Required work:
Return exactly the span of lines in the following data that opens with the line containing "Heimat-Родина (газета). 2010" and closes with the line containing "Fruits theme by Oksana Kornienko". Include nothing else.

Study material:
[Start of section]
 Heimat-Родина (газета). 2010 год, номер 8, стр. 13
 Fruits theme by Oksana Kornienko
[End of section]
[Start of section]
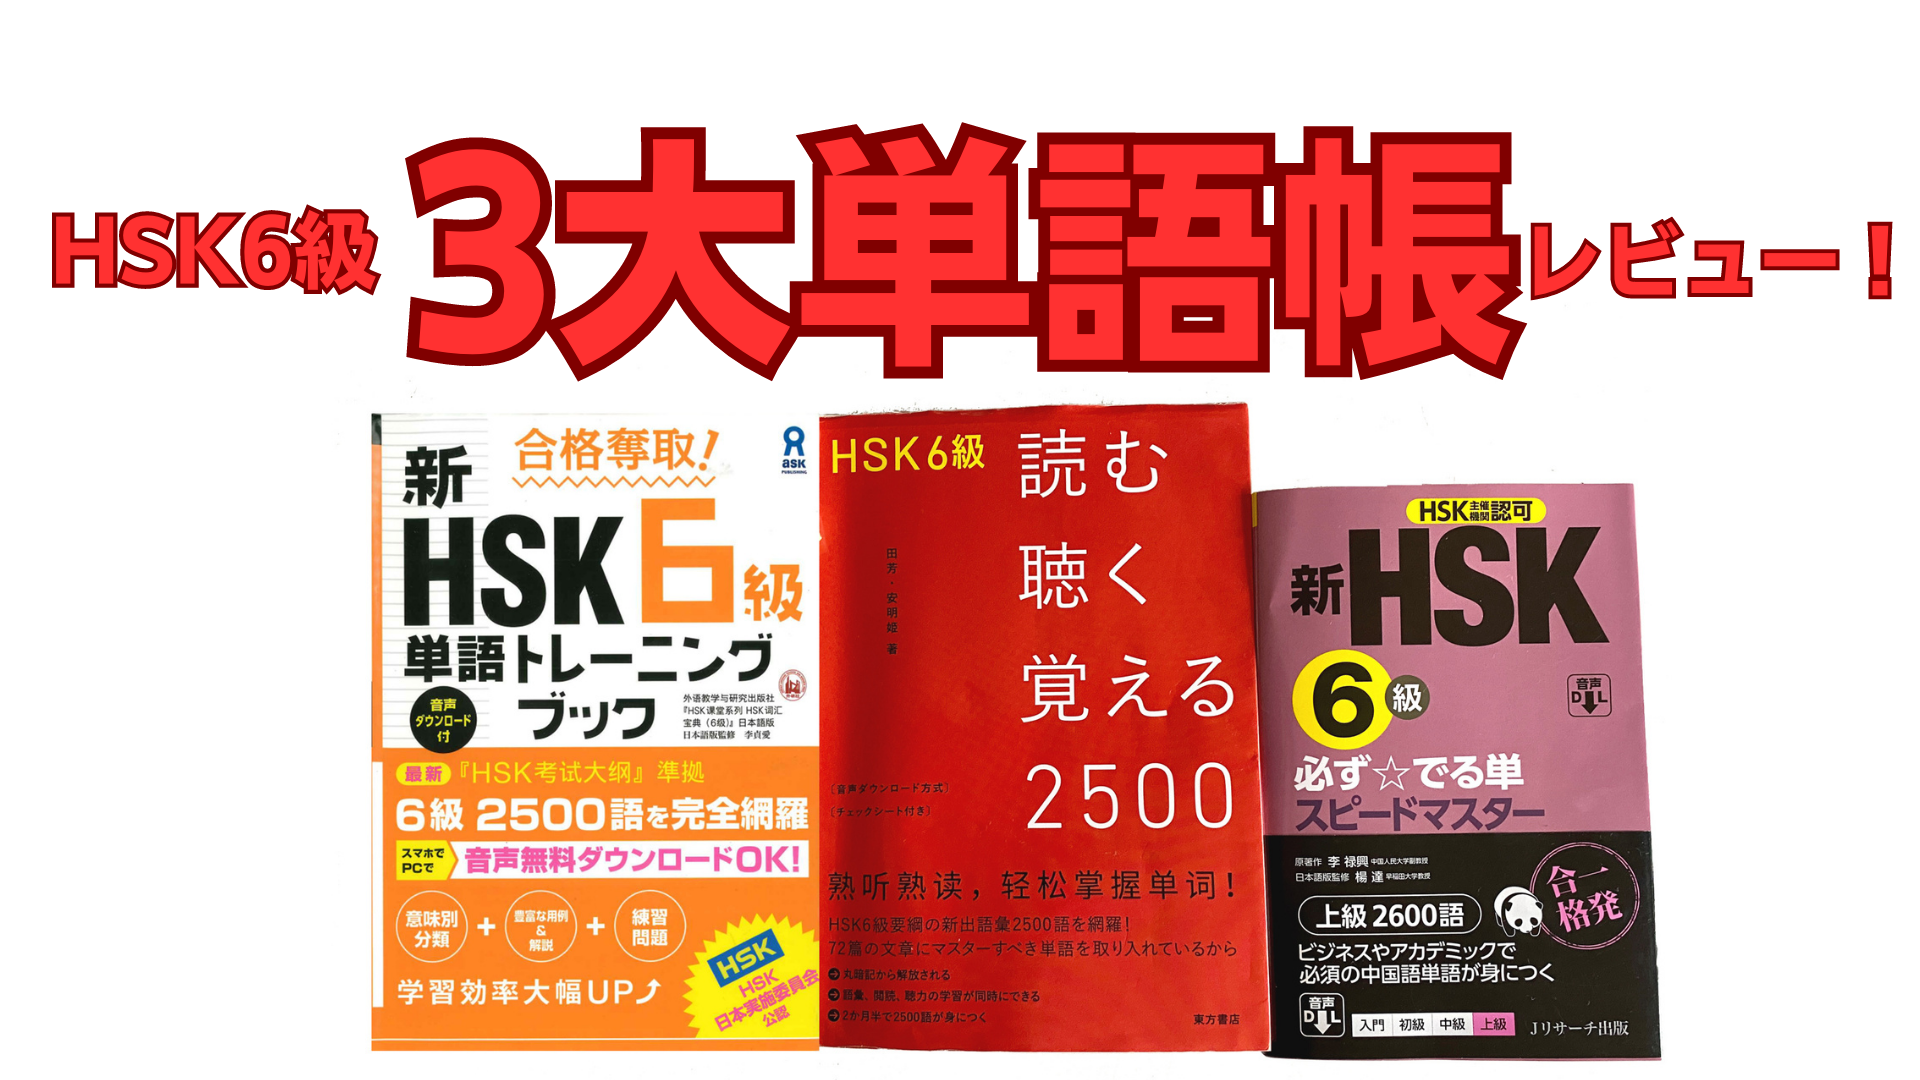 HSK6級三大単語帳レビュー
[End of section]
Your solution:
 Heimat-Родина (газета). 2010 год, номер 8, стр. 13
 Fruits theme by Oksana Kornienko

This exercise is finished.